Ulrik Heltoft


Picture 320

Ulrik Heltoft, Glove, 2004
20 x 30 cm


Kirkhoff is proud to present the solo exhibition ”The Open Door” with the Danish artist Ulrik Heltoft. The exhibition period is April 30th - June 17th 2005.

Heltoft presents video, photography, object and slide projection. The slide projection is a result of a ’cooperation’ between Heltoft and the American artist Miljohn Ruperto. Heltoft has asked Ruperto to give him an instruction for a new piece. Ruperto instructed him to show a card dealer, throwing one card at a time towards a camera, creating a three-dimensional effect. Like in ”The Five Obstructions”, the exchanges are based on the two artists’ knowledge of each other’s practice but the result is no less unpredictable. It contains evitably misunderstandings when Ruperto ”translates” Heltoft’s practice to an idea and when Heltoft ”translates” Ruperto’s indications to a final piece. The piece also deals with the process of communication which always forms the basis for the production of an art work.

Heltoft investigates different media’s technical functions and expressions in his pieces and characteristic of them are references to and use of each other’s media specificity. One by one the two slide machines project onto the same screen, merging the images into each other and thereby resembling a video projection, the video ”The Open Door” has photographic character, and the photograph of a glove is really an X-ray picture.
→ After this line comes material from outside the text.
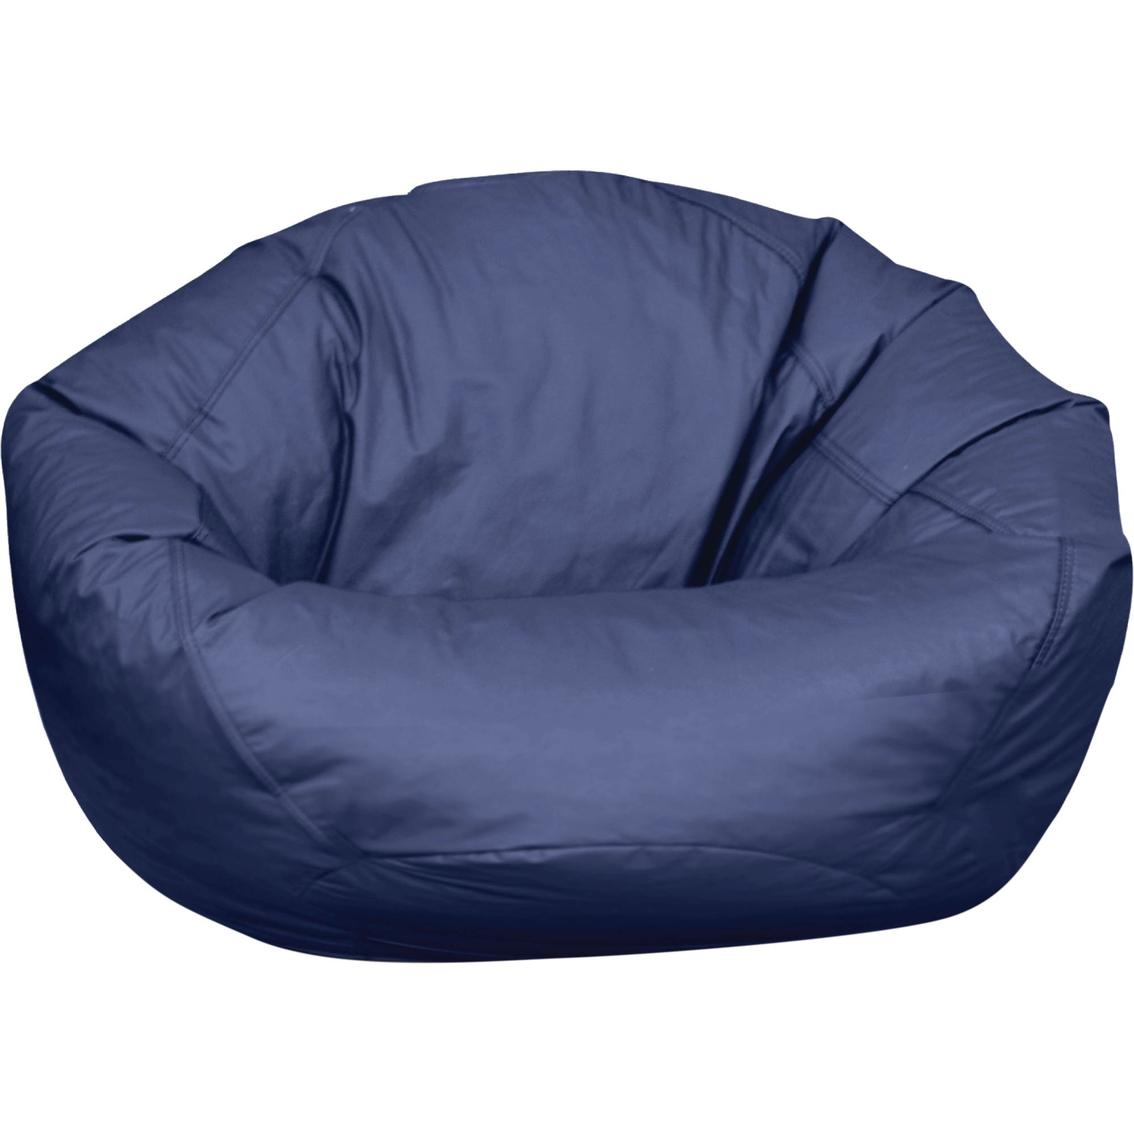 Jordan Manufacturing Small Clic Bean Bag Chair

The spatial dimension in the presentation of the works is sculptural, as is the case with ”The Open Door” where the image is projected onto an object, repeting the projector’s cone of light. In this way, the object and projection mime each other’s shape and together they form a perfect figure.
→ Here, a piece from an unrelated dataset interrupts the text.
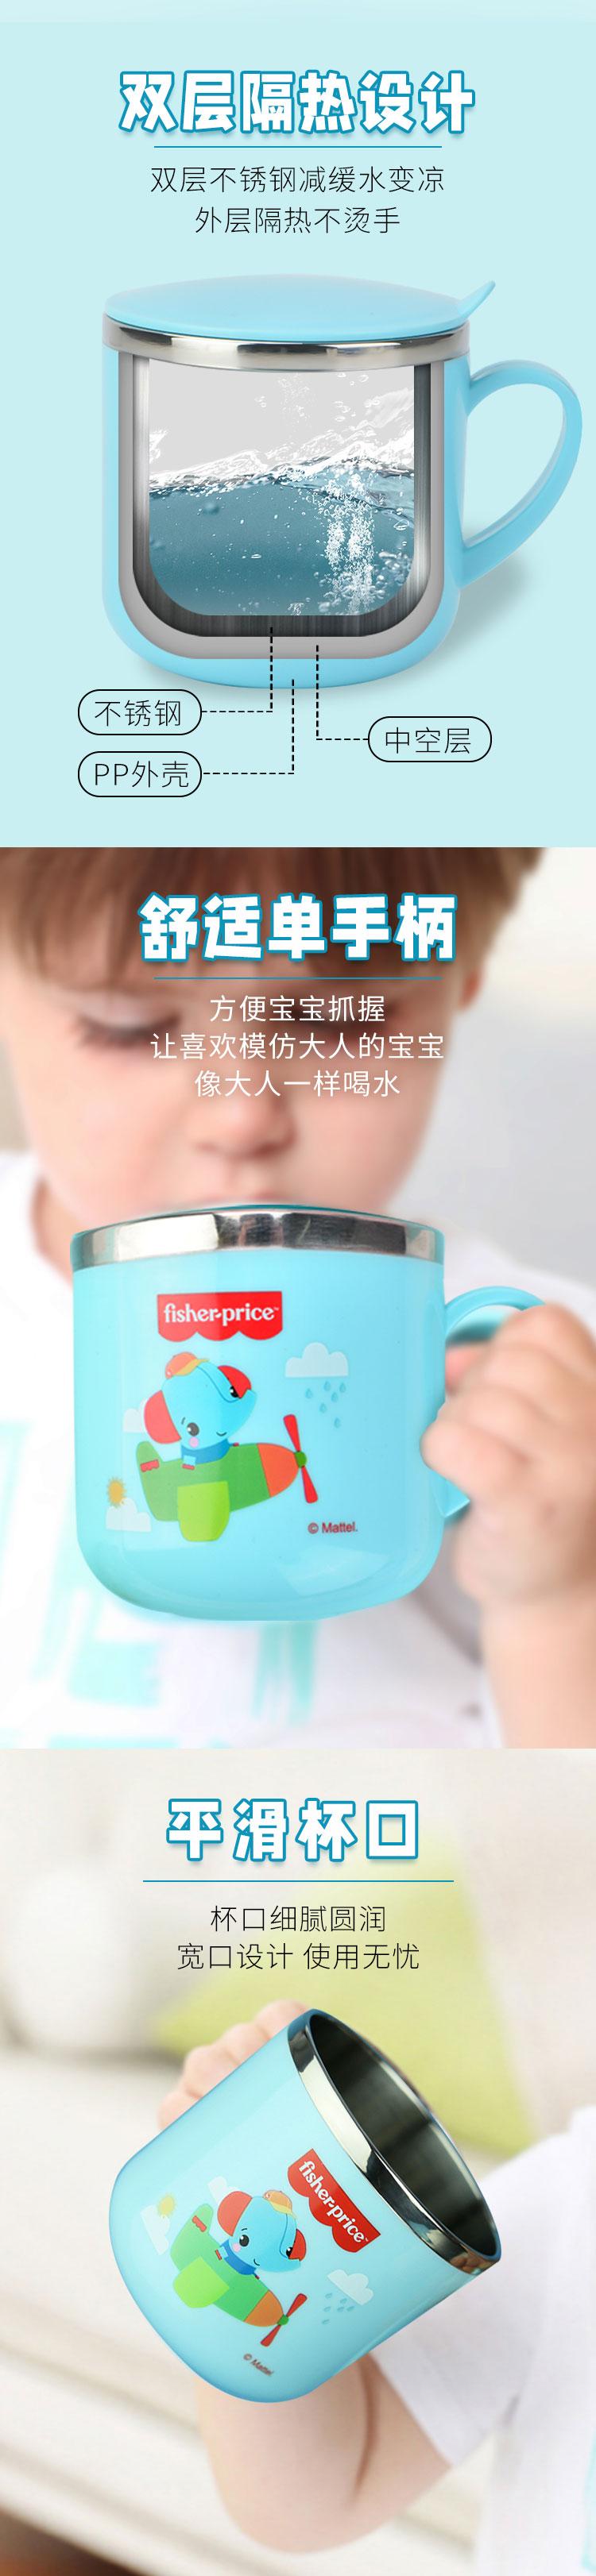 Fisher-Price美国费雪婴儿童牛奶杯 宝宝卡通不锈钢喝水喝牛奶杯子 带盖300ML 蓝

Heltoft’s works typically deal with subtle, ignored details and coincidences, presented in an absolute and simple, yet abstract universe. The video ”Ghost Town” is filmed from the artist’s pocket in an abadoned mining town in Death Valley. Two figures appear vaguely, but they are blurred and intangible in both shape and speach. Heltoft’s pieces show banal paradoxes and small grotesque situations, where you loose your sense of what is up or down, construction or coincidence.

Ulrik Heltoft is educated at the Royal Danish Academy of Arts and at Yale University School of Art, where he later has taught. Heltoft has recently exhibited at the gallery Murray Guy in New York and will later this year show in Baltimore.

The exhibition is supported by the Danish Arts Council.